Este modelo levou a que, atualmente, a nossa linha ferroviária tenha os mesmos quilómetros que em 1893. Temos uma rede pouco densa, que se expressa em 2,8 kms por cada 100 kms. Países que têm uma dimensão comparável, como a Holanda e a Bélgica, têm, respetivamente, 7,4 e 11,8. Enquanto isso, somos o segundo país da Europa com maior rede de auto-estradas por habitante na Europa.
Especificamente no distrito de Beja, Cavaco Silva fechou o ramal de Moura em 1990 e o ramal de Aljustrel em 1993. O primeiro tinha uma extensão de 54 kms e assegurava a ligação diária de Moura a Beja, servindo ainda as povoações de Brinches e Pias, no Concelho de Serpa, e de Quintos, Baleizão e Neves, no Concelho de Beja.

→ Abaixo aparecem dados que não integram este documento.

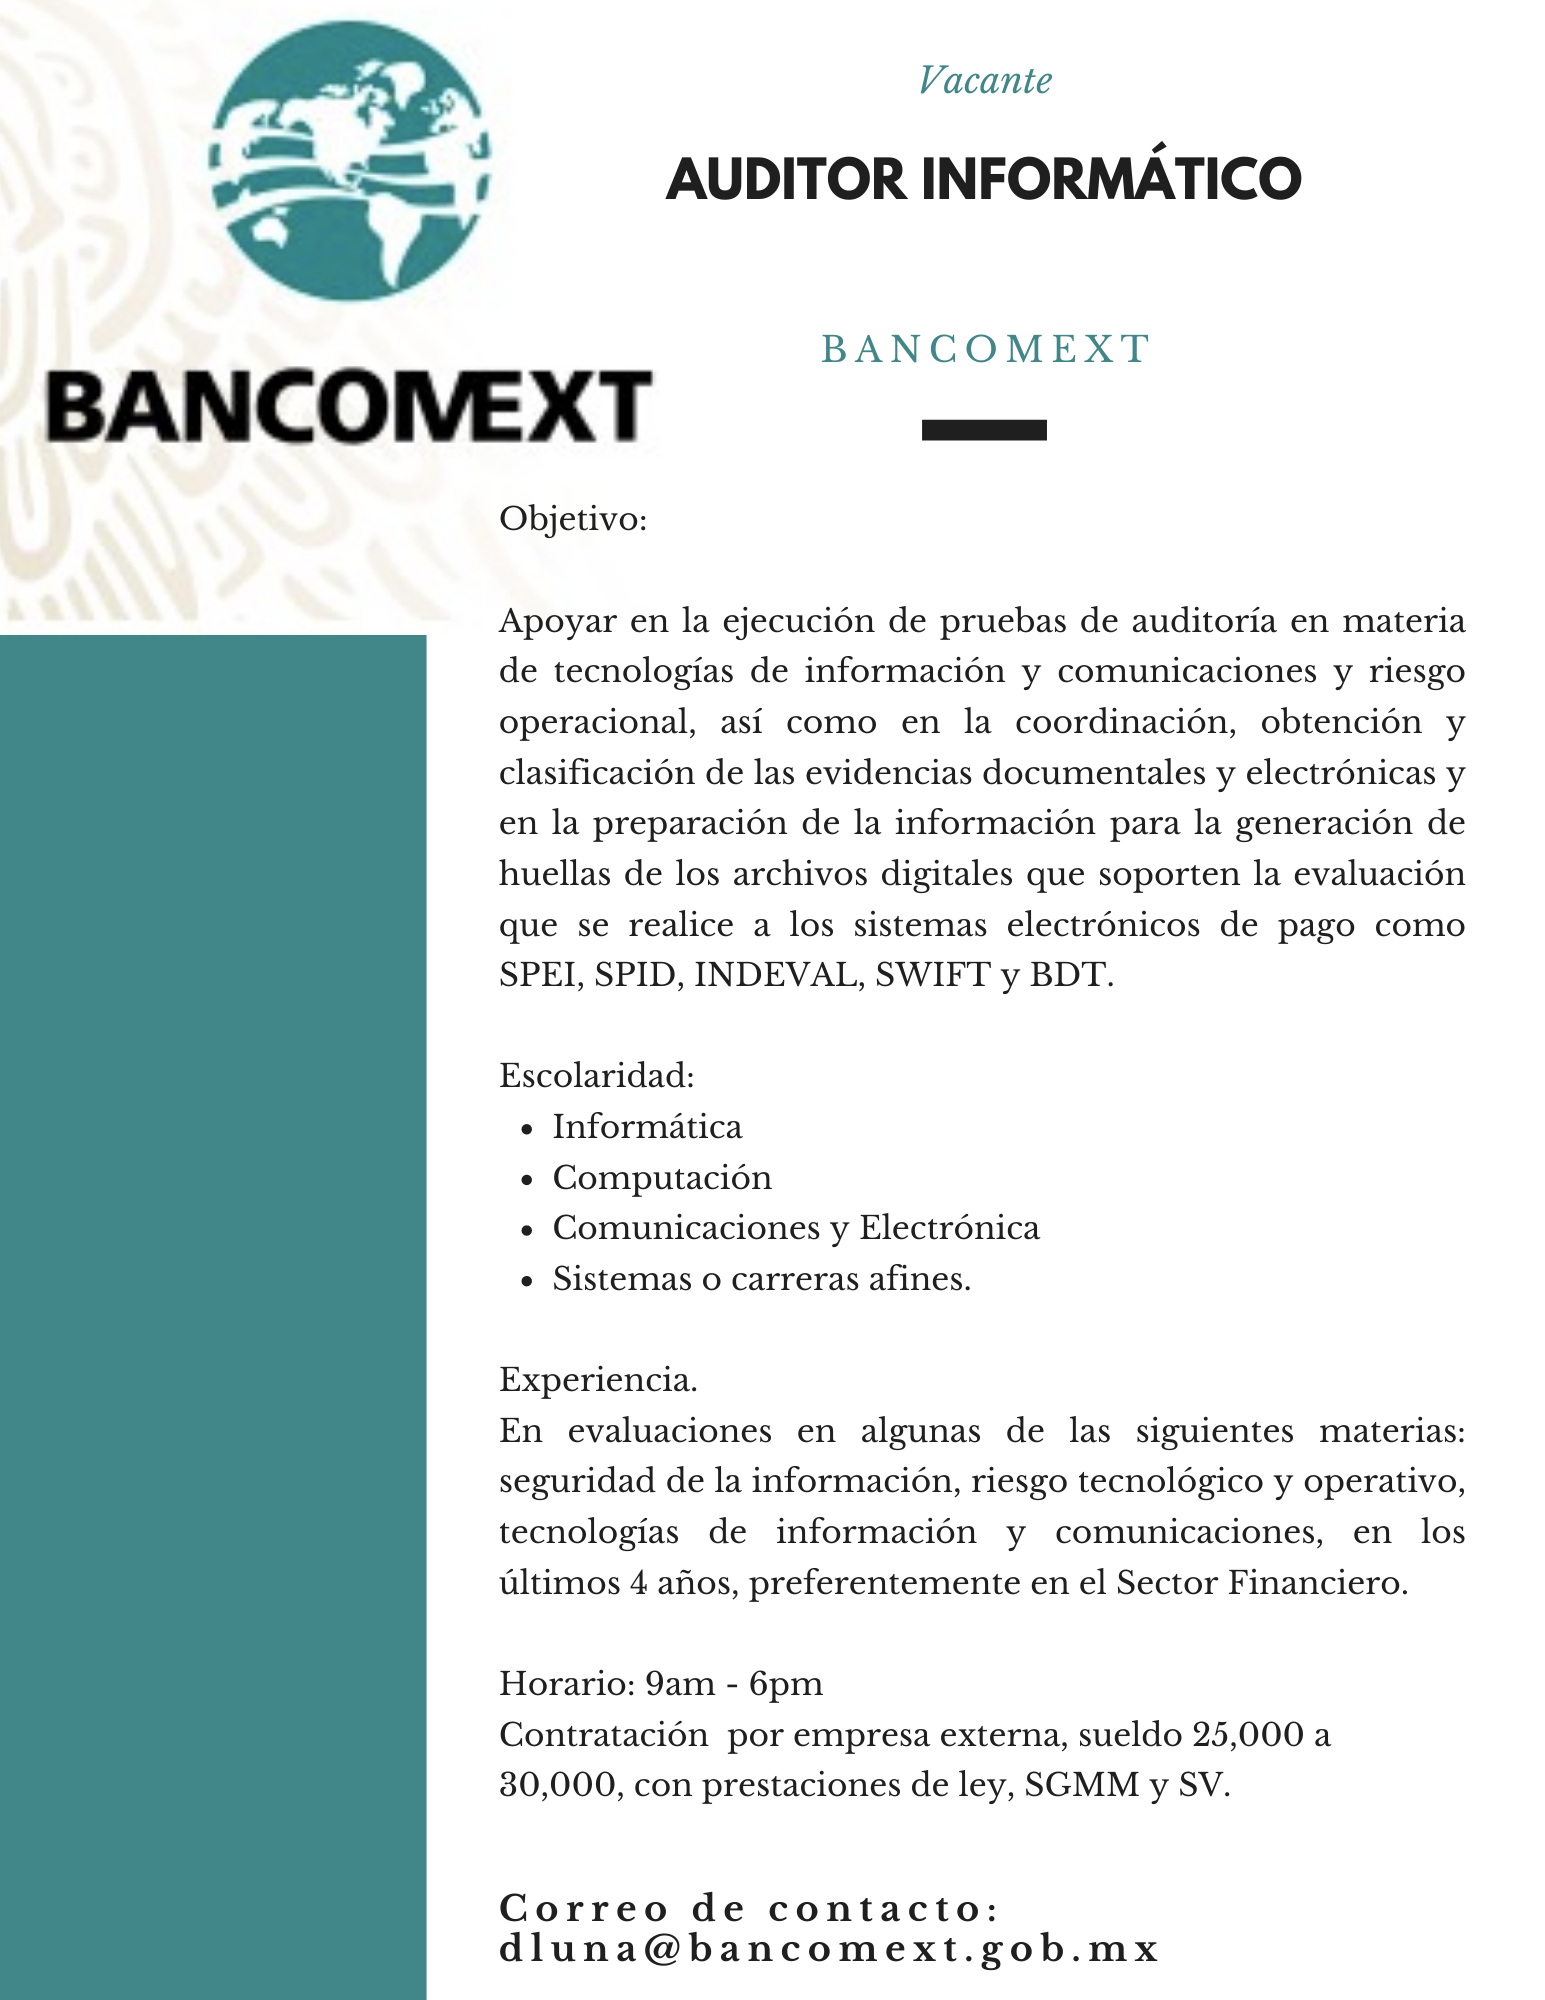 Auditor Informático en Bancomext

O segundo servia como transporte do material da exploração da mina de Aljustrel, levando a que agora seja transportado por camiões por estradas nacionais e, consequentemente, à sua danificação.
Já Passos Coelho, na sua feita austeritária, fechou a linha Beja-Funcheira (conselho de Ourique) em 2012. Servia como ligação direta da capital de distrito ao Algarve, mais precisamente Faro, e passava por várias estações intermédias, funcionando como uma redundância da linha do Sul.

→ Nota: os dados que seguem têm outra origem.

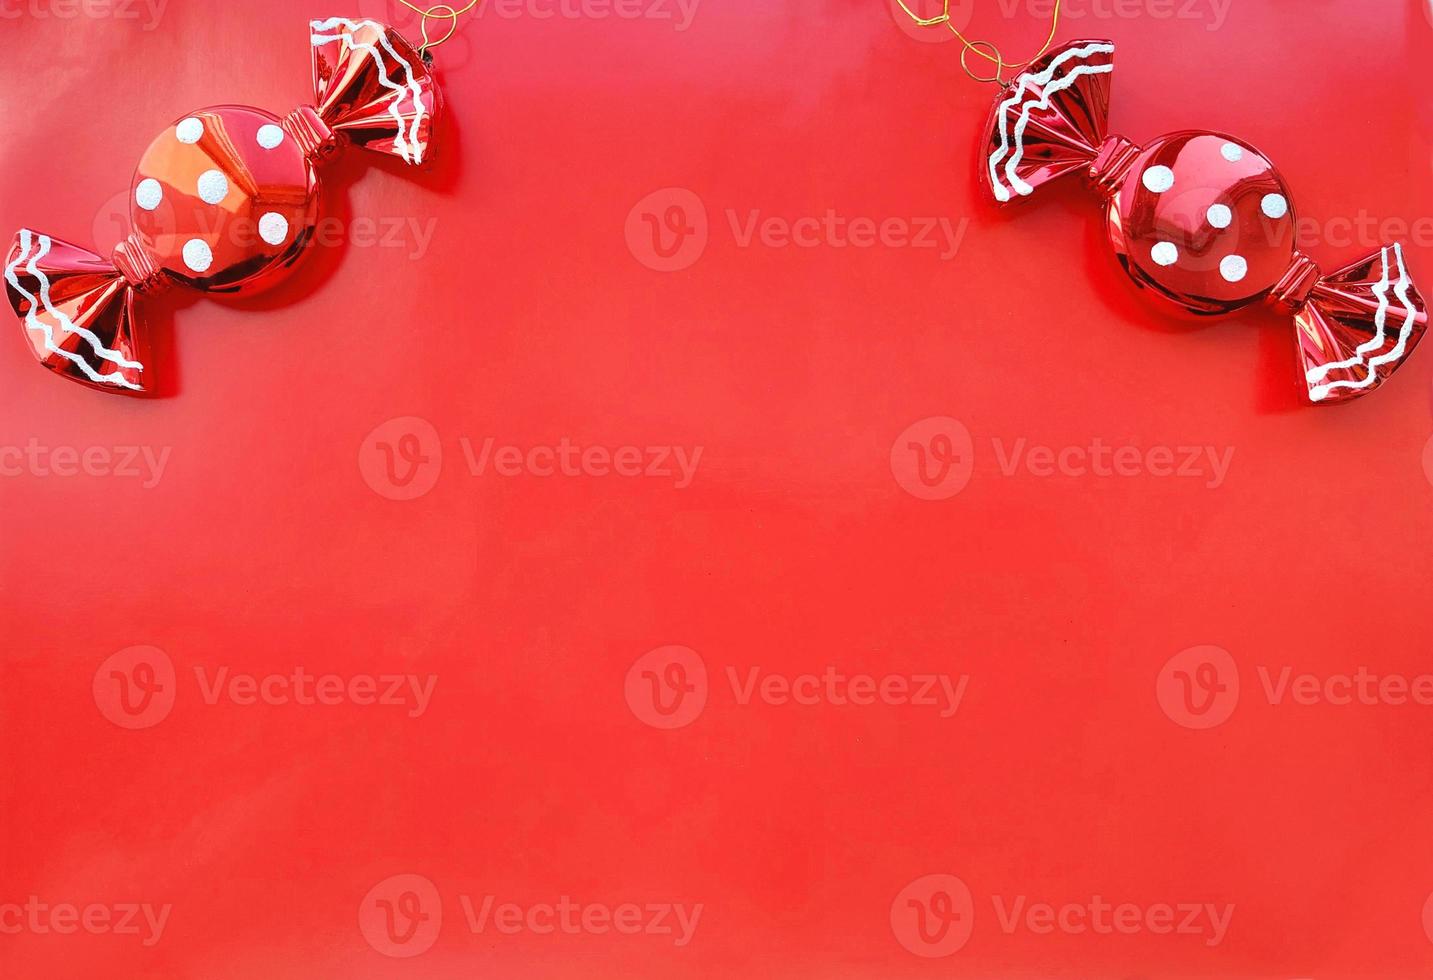 decorazioni natalizie a pois di caramelle su sfondo rosso. banner, bordo orizzontale, cornice con posto per testo. copia spazio foto

Estas sucessivas escolhas, incluindo a falta de vontade de as reverter, como a ausência de propostas para o Baixo Alentejo no Plano Ferroviário Nacional de Pedro Nuno Santos, contribuem para sedimentar um modelo económico da região que não serve os interesses de quem cá vive.
Na divisão funcional do capitalismo português, calhou sempre ao Alentejo ser a principal fonte da matéria-prima. O ativo é a terra em si. No fascismo foi o latifúndio, agora são os grupos financeiros como a De Prado e a Jerónimo Martins que recorrem a plantações intensivas e superintensivas. Os dois têm em comum o monopólio de grandes porções de terra e uma alta exploração do trabalho em regime de sazonalidade, sendo agora os imigrantes os mais explorados e vulneráveis. A falta de mobilidade também serve assim para não dividir a terra e esconder o pior que aqui se faz, alimentando a incompreensão e o ódio.
Por detrás do sentimento de abandono de uma população, visceral e pouco racional, está o fracasso social da austeridade e a apropriação de riqueza por uns quantos. Sempre foi assim.
A esquerda mantém-se viva e como força alternativa se for capaz de identificar os assuntos concretos que desvendam as lógicas maiores de acumulação e exploração. A aposta na ferrovia é uma causa simples e mobilizadora, uma boa plataforma para engajar conversas e tocar precisamente nesse sentimento. Utilizemo-la a nosso favor.